## [Work order]
Nothing but the lines from the one containing "2024年2月广东交通基建投资 运输生产数据1.png" through the last line of the material should appear in the answer, transcribed exactly, pictures excluded.

## [Provided data]
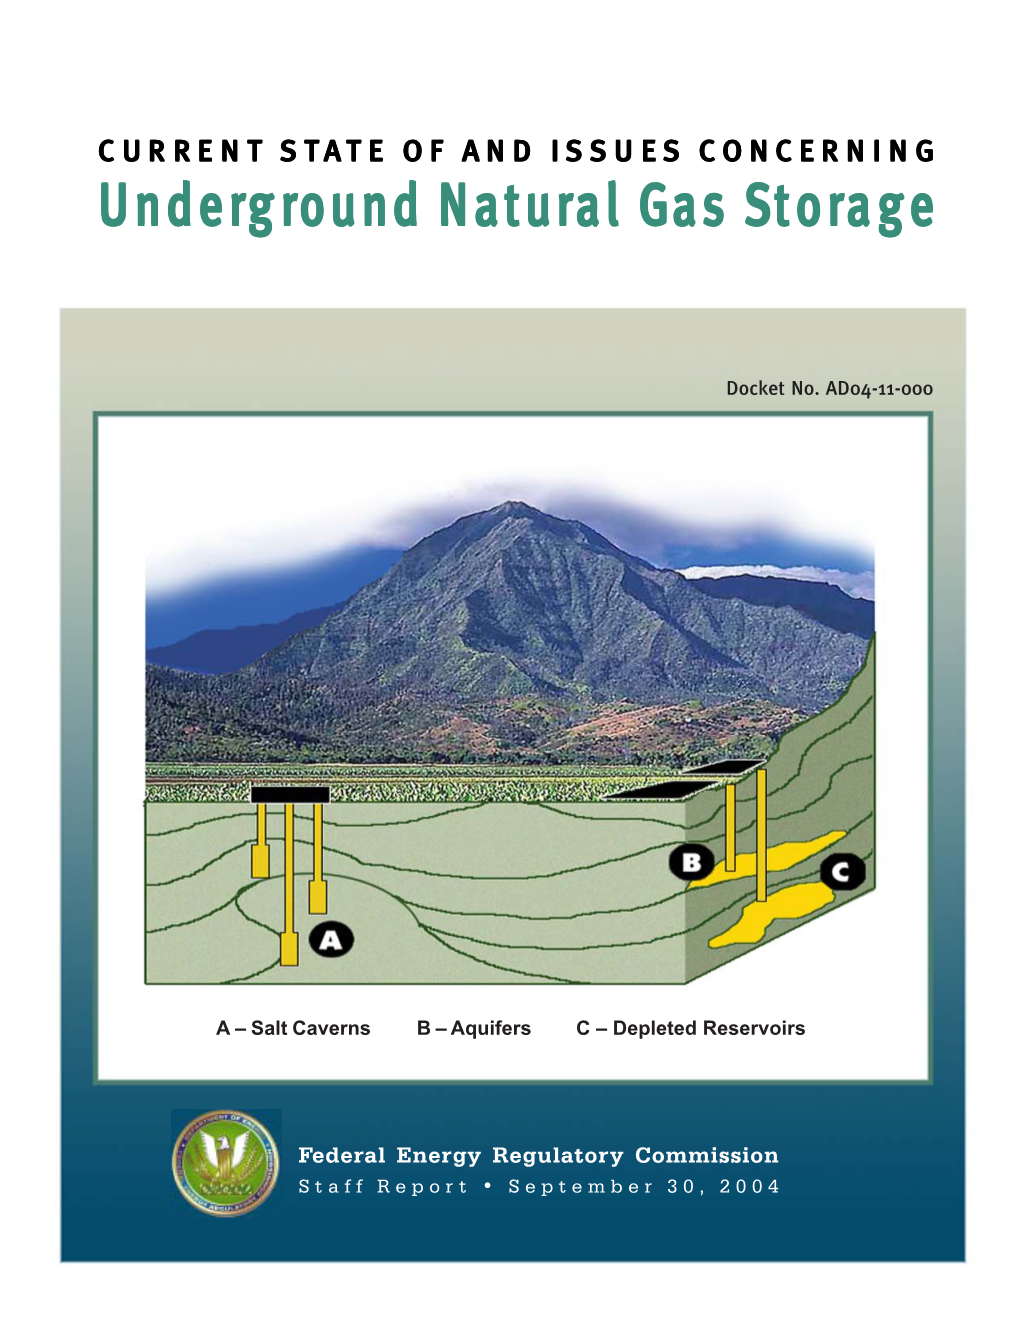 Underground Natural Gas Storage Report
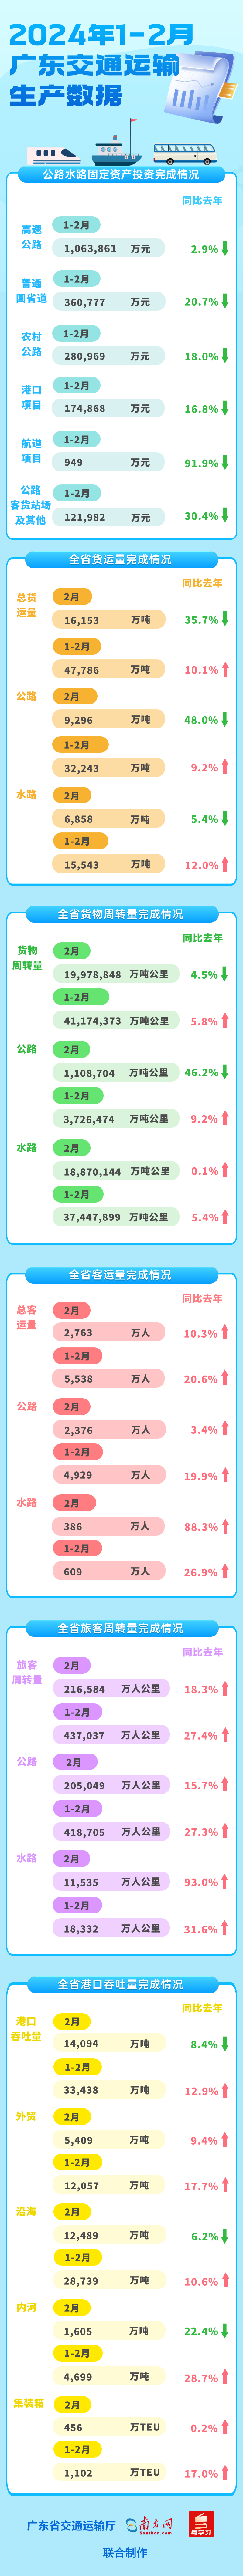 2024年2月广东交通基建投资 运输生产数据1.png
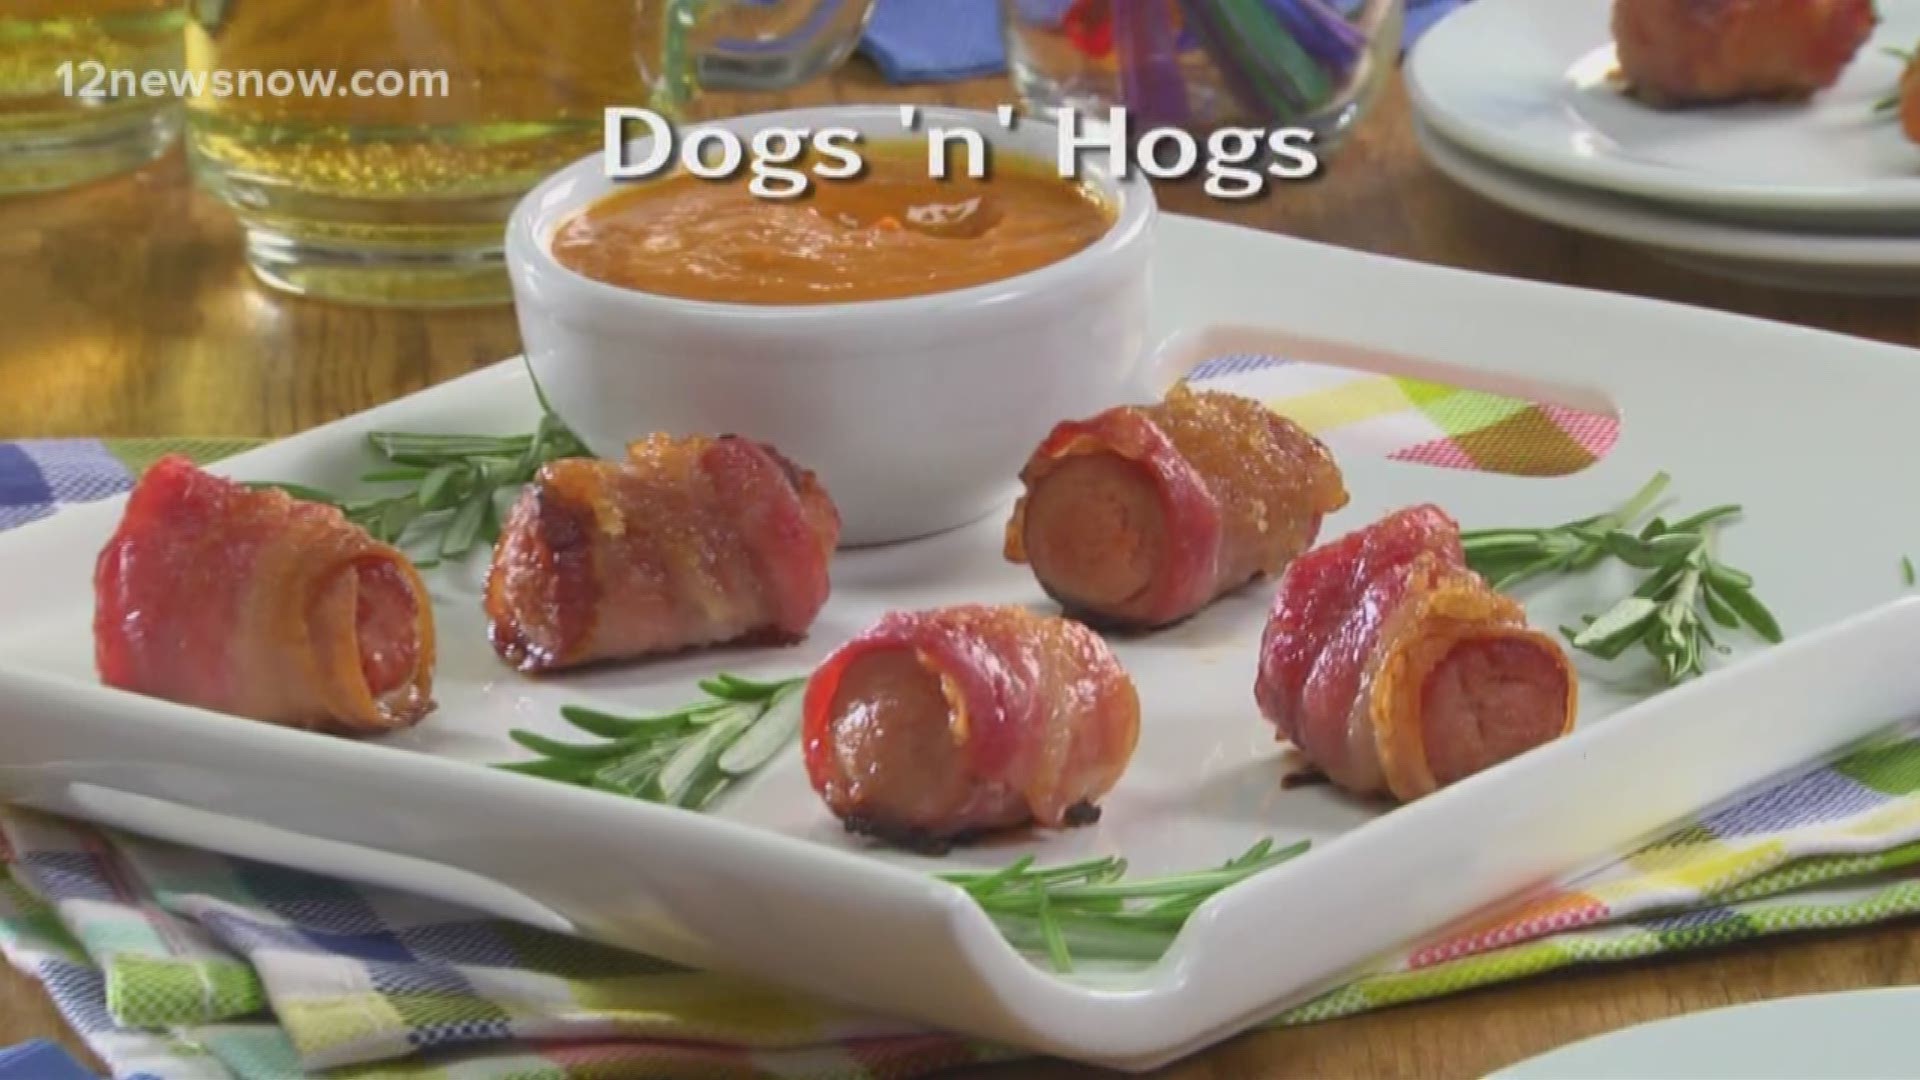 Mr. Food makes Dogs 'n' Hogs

## [Problem solution]
 2024年2月广东交通基建投资 运输生产数据1.png
 Mr. Food makes Dogs 'n' Hogs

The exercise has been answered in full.